Panamagate exposes the limits of this logic of compromise with business ‘to get things done’. Muscat was not shocked by his close associates’ decision to open offshore companies in Panama and did not sack them on the spot, and that says a lot about his frame of mine.
And this shows he lacks the natural sensitivity of someone on the left who would have felt a deep sense of anger when confronted by these facts. Instead the impression he gave was that he does not mind, except for the fact that Panamagate became an international scandal.
So it is indeed fair to state that by associating progressive reforms with bad governance or lax regulations, Muscat is endangering Labour’s accomplishments in office. Or that these progressive reforms were simply a decoration on the Labour cake, aimed at legitimising a self-serving system of power. And it also fuels a misguided perception: that liberalism on social issues or morality, is akin to laissez-faire policies on the environment and on social policy.
In reality, the country right now needs some good, old-fashioned sobriety.
A responsibility to be outraged
Those who support Labour for its progressive reforms or for simply ridding the country of the PN but close an eye on Panamagate, have a historical responsibility.
If Muscat weathers this crisis to keep either Mizzi or Schembri in office or in his administration’s central nervous system, the message would be that the Labour Party has been entirely absorbed by Castille.
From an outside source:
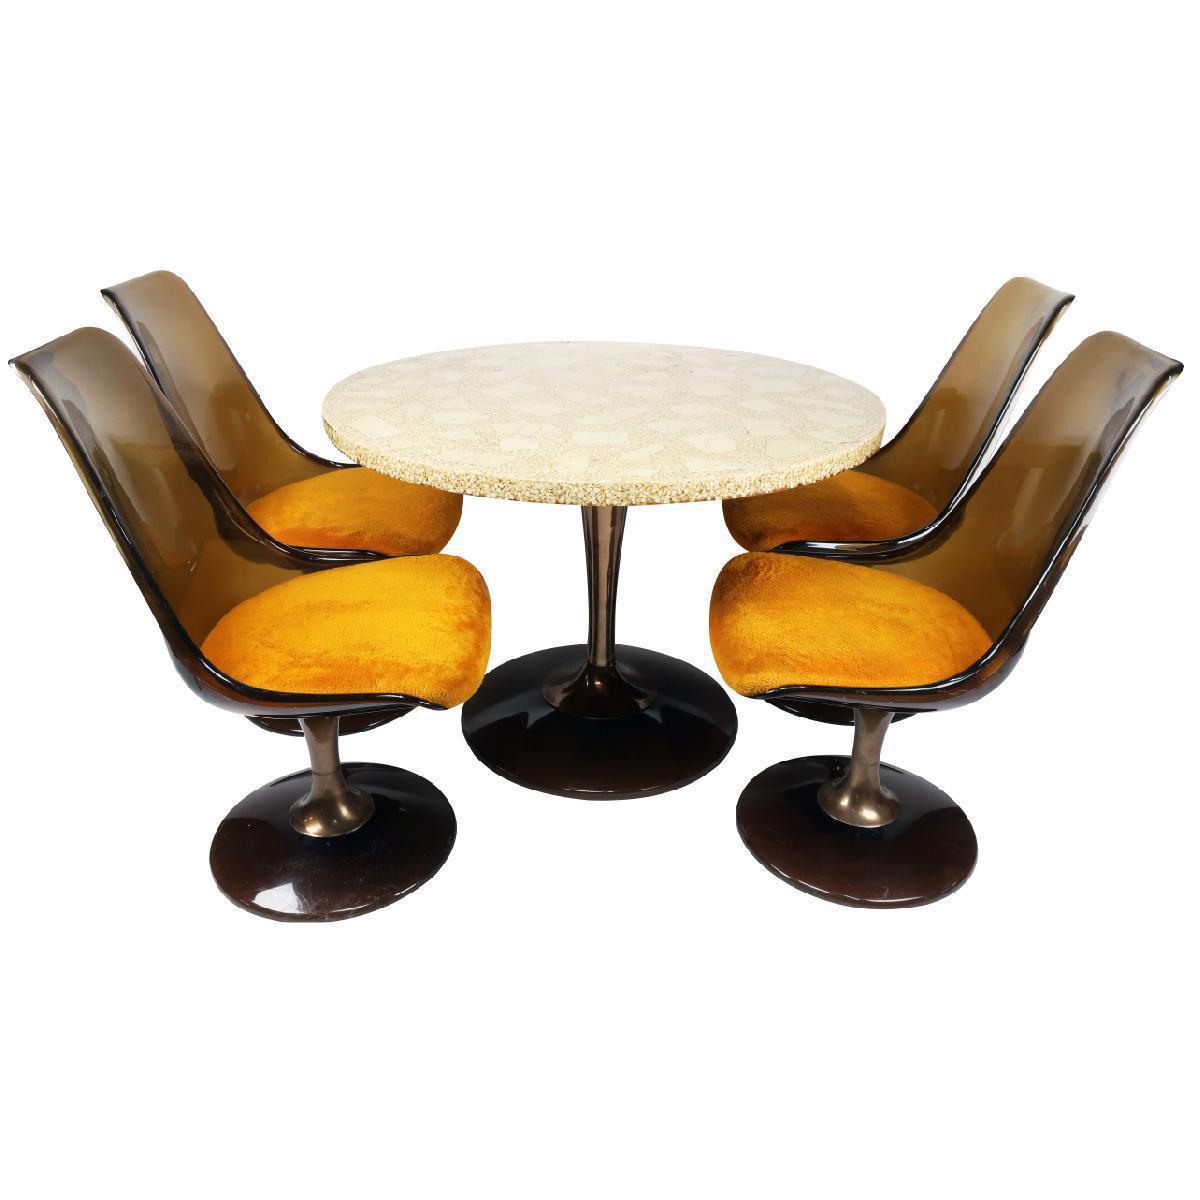 Chromcraft Amber Lucite Tulip Table \u0026 Chairs - Set of 5  sc 1 st  Chairish & Chromcraft Amber Lucite Tulip Table \u0026 Chairs - Set of 5   Chairish
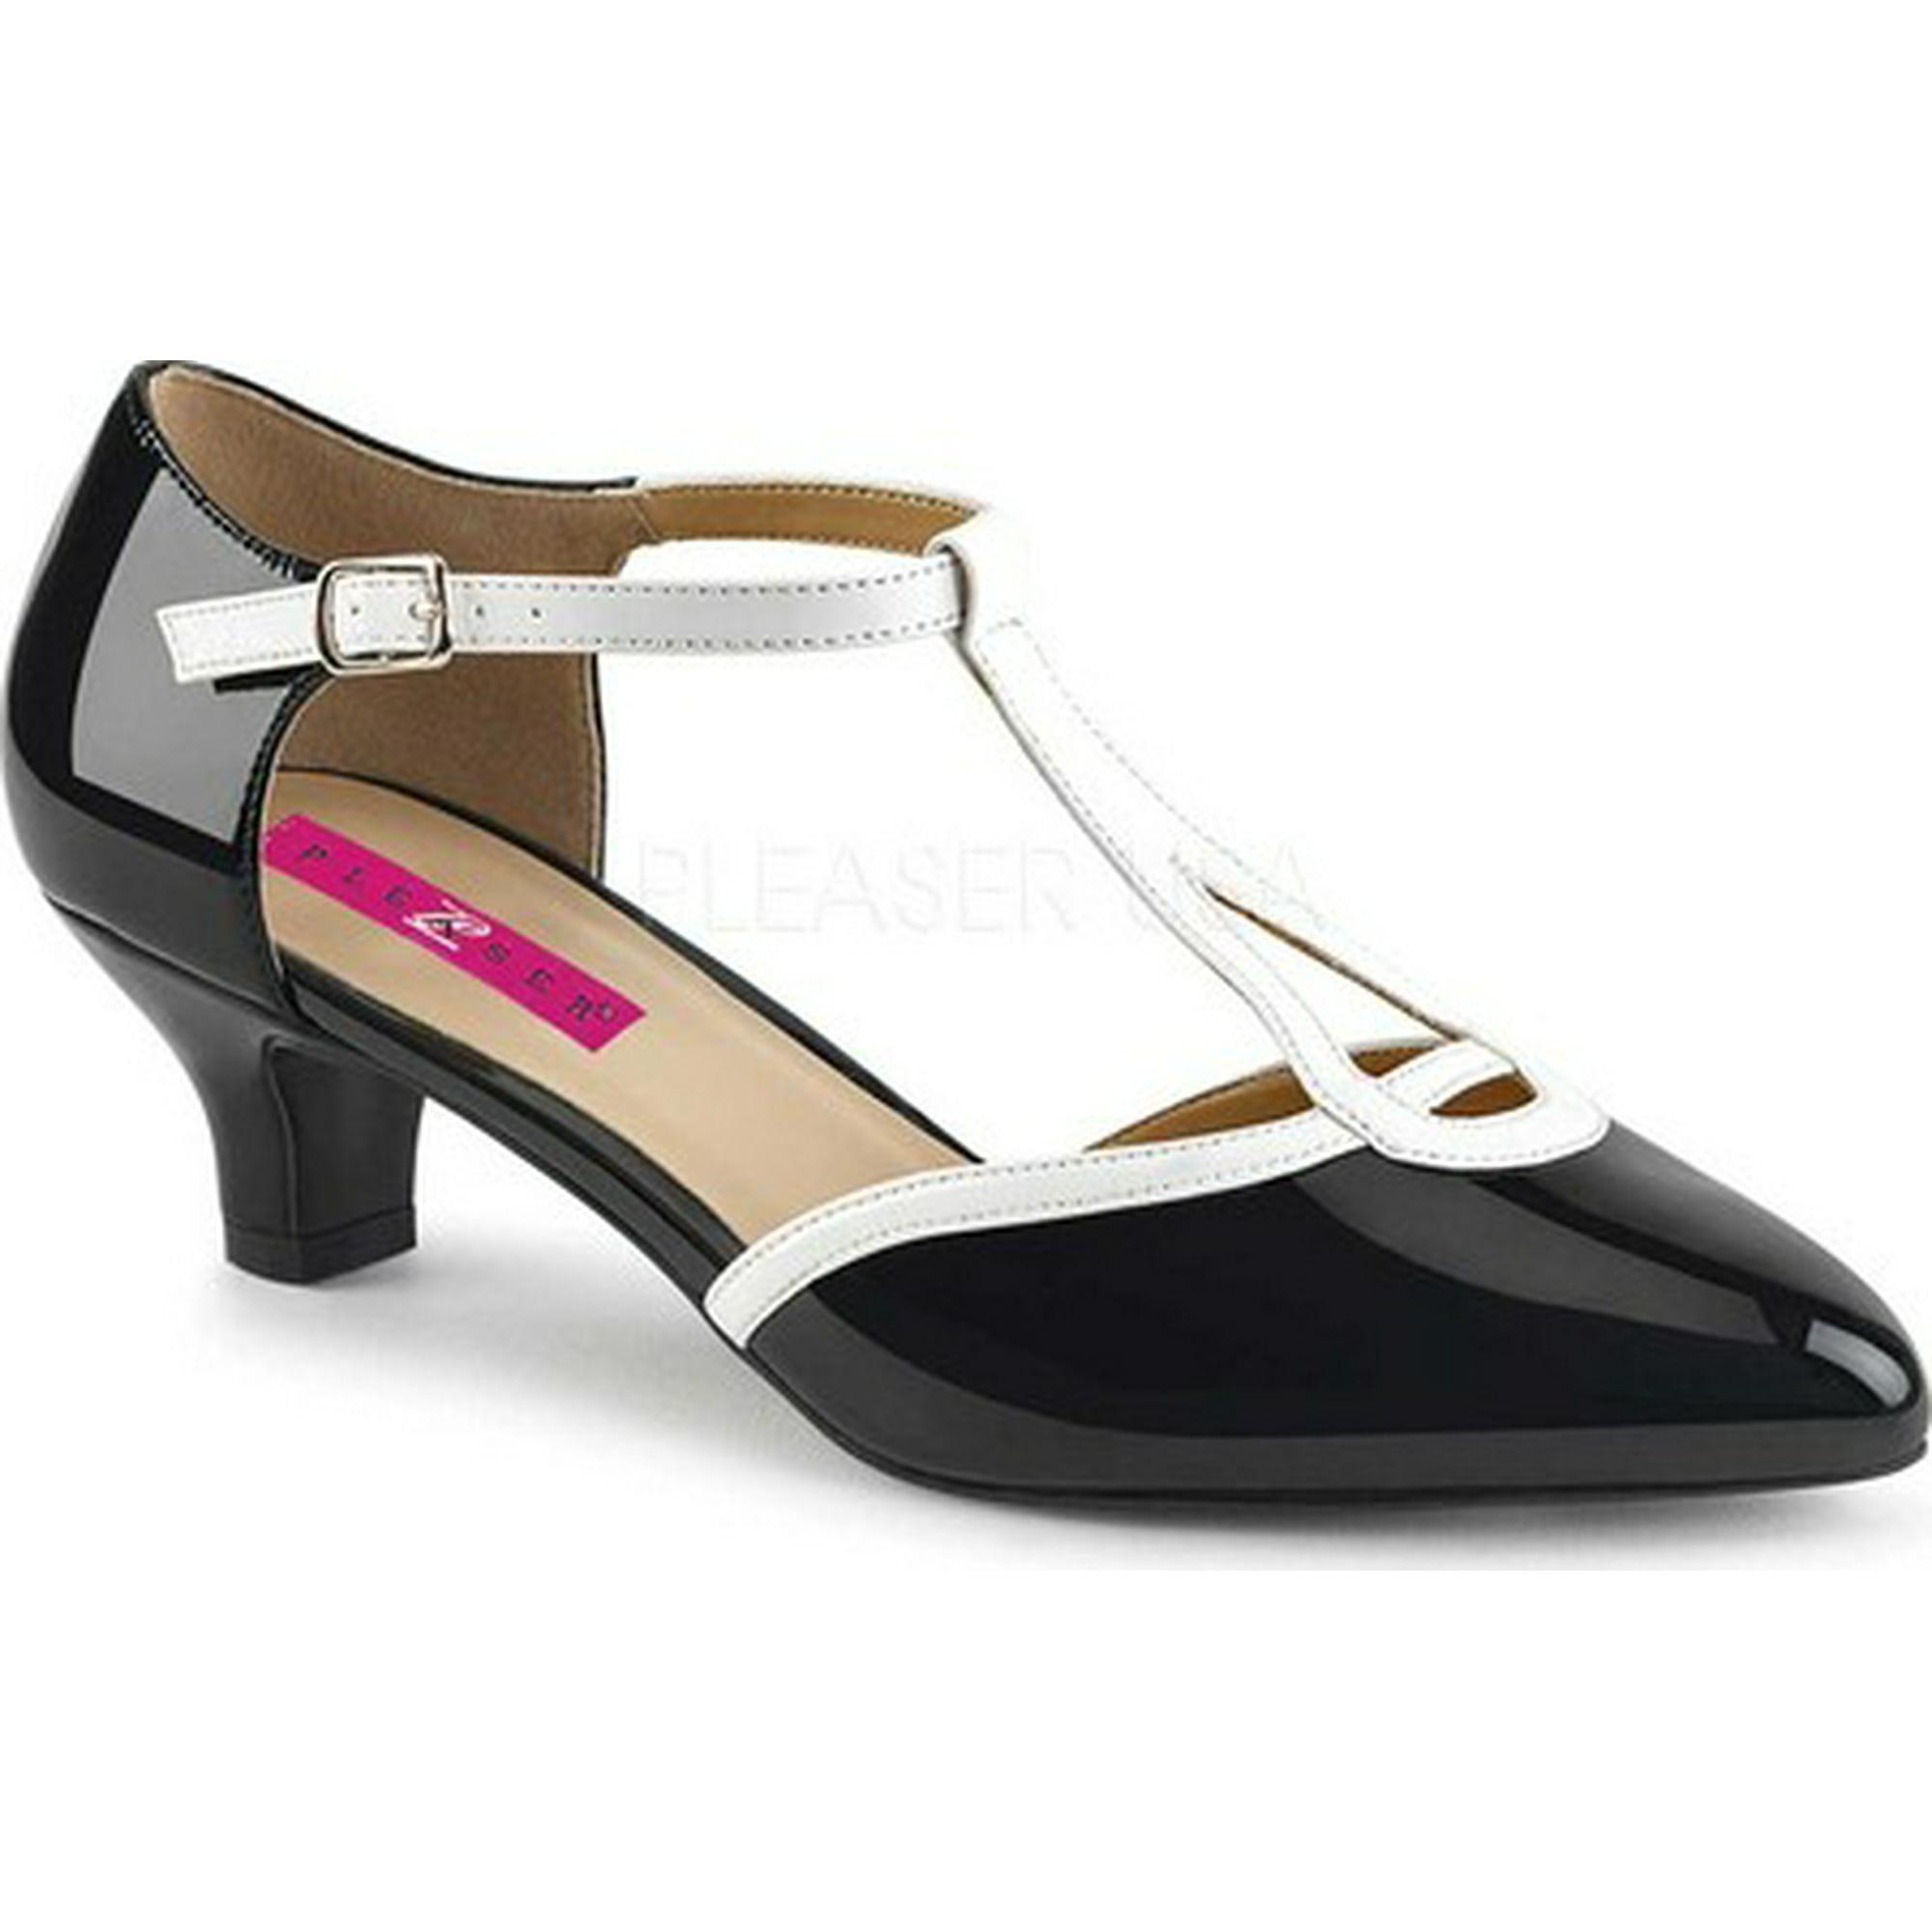 42df2b856b9 Women s Pleaser Pink Label Fab 428 T-Strap Red-Black Patent 15 M ...

And where does this leave us?
Let’s face it: Labour has been morphed into Muscat’s image – the party went ahead to elect Mizzi as deputy leader even as the Panama scandal broke. And the PN, which operated its own patronage network in office, still lacks that sense of moral leadership and legitimacy required in moments of crisis. After 25 years in office, it remains all too vulnerable to Muscat’s deflective tactics; by skirting around party finance laws to hide the names of those lending it money, it once again failed to walk the talk on governance. Legal? Yes. But it defies the spirit of the law. [Evarist Bartolo’s proposal to make it illegal for anyone to open accounts in countries where information for tax purposes is not automatically available would be a welcome addition to the PN’s proposals on good governance.]
But past mistakes should not be used to attack the Opposition’s duty to hold government to account, otherwise we’d livein dictatorship where the parliamentary opposition is blackmailed in to silence.
There has never been a greater need for civil society to take a leading role, not just in expressing the deep shock of the decent part of Maltese society on Panamagate, but also to restore a new ethic of governance based on republican values and the protection of the common good.
The May 7 protest calling for the resignation of Mizzi and Schembri, which comes a year after the protest against the Zonqor development, could be a clear sign that Malta is changing and would not allow any party to drop its anchors in the murky waters while in power.
In 2003 we believed that the EU would be the best insurance for our democracy. That was only partly true. In reality the best insurance lies in the vibrancy of civil society in speaking truth to power irrespective of which party is elected in office.